Records START

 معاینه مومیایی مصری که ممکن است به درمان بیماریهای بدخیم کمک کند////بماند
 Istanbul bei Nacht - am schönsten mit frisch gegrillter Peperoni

Records END
Records START

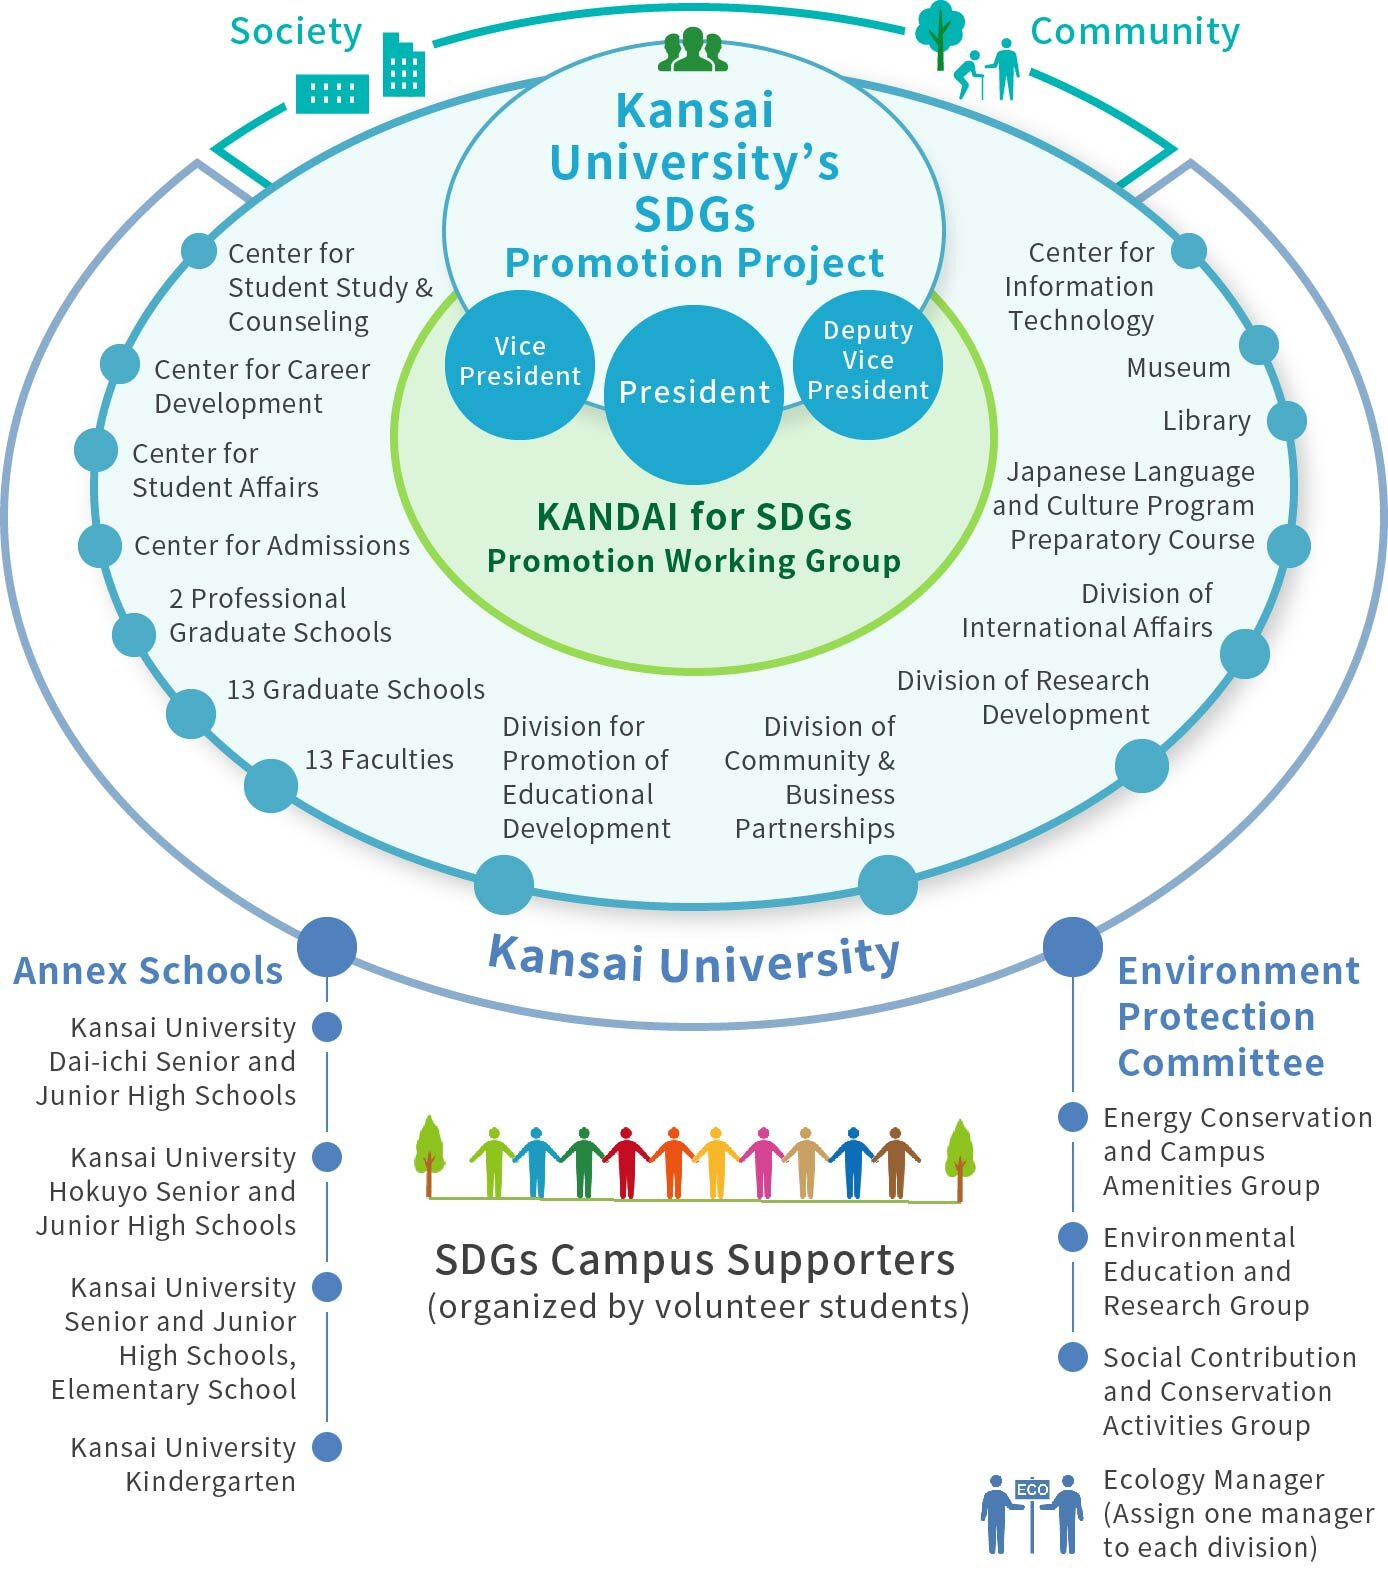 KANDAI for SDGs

Records END
Records START

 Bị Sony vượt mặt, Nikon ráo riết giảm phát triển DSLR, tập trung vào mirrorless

Records END

_Action item_:
Starting at the line that has "معاینه مومیایی مصری" and ending at the line that has "Istanbul bei Nacht", please write out the lines above exactly, leaving out all others.

_Solution to this task_:
 معاینه مومیایی مصری که ممکن است به درمان بیماریهای بدخیم کمک کند////بماند
 Istanbul bei Nacht - am schönsten mit frisch gegrillter Peperoni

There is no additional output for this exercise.